Ruggles remembered the nights he had spent before the footlights of the Gaiety, and that the pale woman trembling there weeping was a great singer.
“I guess he wants to hear you sing.”
She kneeled down by him; she trembled so she couldn’t stand.
The others, the doctor and Ruggles, the waiters and porters gathered in the hall, heard. No one of them understood the Gaiety girl’s English words.
“From Greenland’s icy mountains,
From India’s coral strands ...”
They were merciful and let him listen in peace. Through the blur in his brain, over the beat of his young ardent heart, above the short breaths the notes reached his failing senses, and lifted him—lifted him. There wasn’t a very long distance between his boyhood and his twenty-two years to go, and he was not so weak but that he could travel so far.
He sat there by his father again—and heard. The flies buzzed, and he didn’t mind them.
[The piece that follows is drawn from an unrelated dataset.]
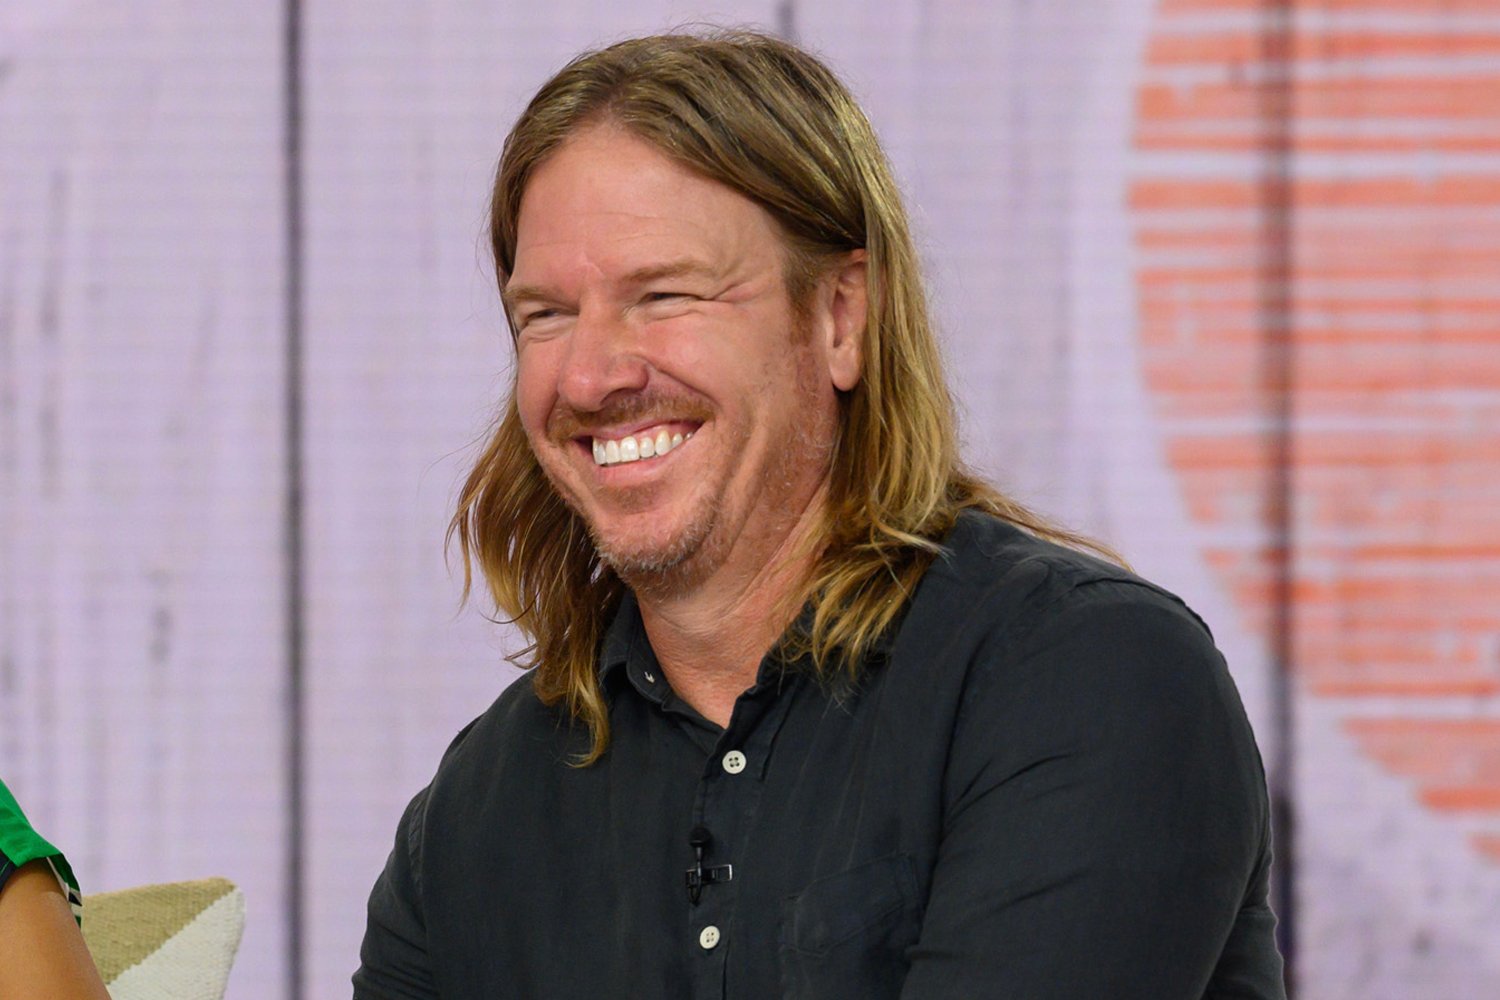 Chip Gaines smiling, long hair, and a button up navy shirt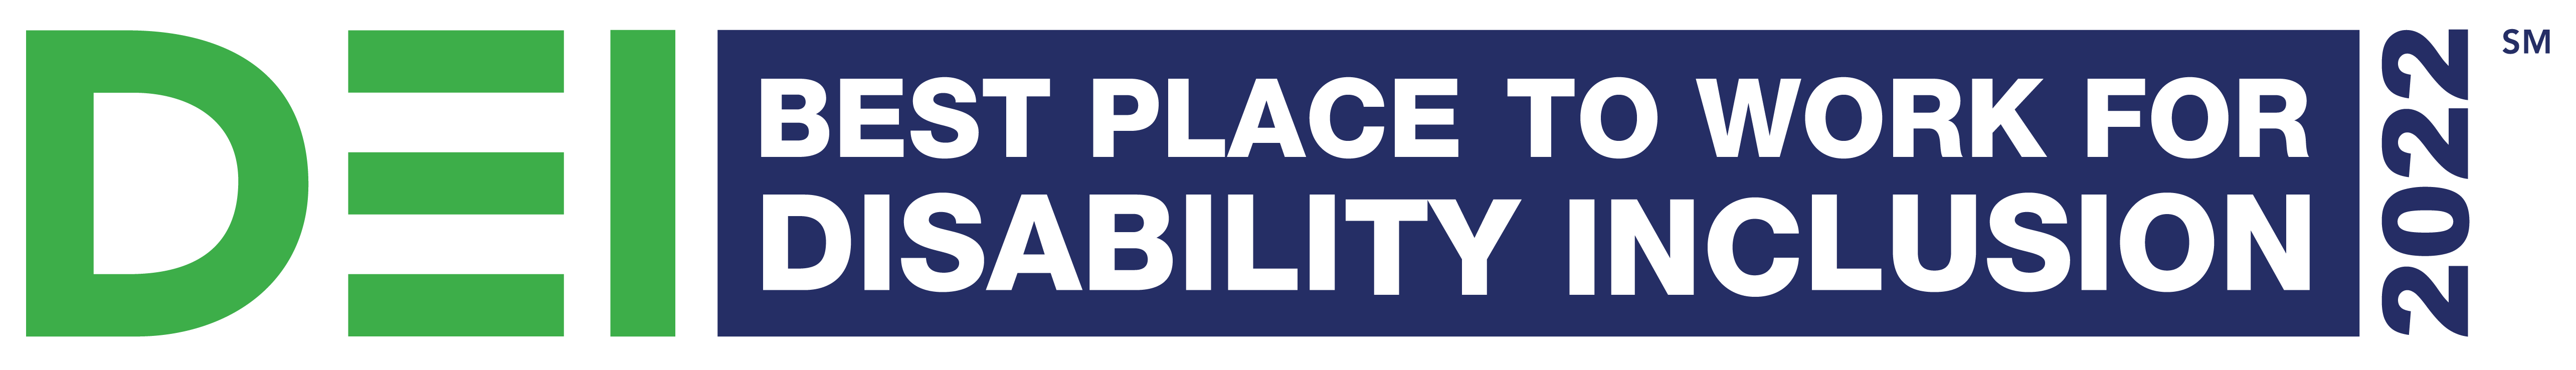 2022 Best Places to Work™ for Disability Inclusion logo

The smell of the fields came in through the windows and the Sodawater Fountain Girl sang—and sang; and as she sang her face grew holy to his eyes—radiant with a beauty he had not dreamed a woman’s face could wear. Above the choir rail she stood and sang peerlessly, and the church began to fade and fade, and still she stood there in a shaft of light, and her face was like an angel’s, and she held her arms out to him as the waters rose to his lips. She bent and lifted him—lifted him high upon the strands....
CHAPTER XXXI—IN REALITY
Dan awoke from his dream, and sat suddenly up in bed in his shirt sleeves, and stared at the people in his room,—a hotel boy and two strangers, not unlike the men in his dream. He brushed his hand across his eyes.
“Sit down, will you? Do you speak English?”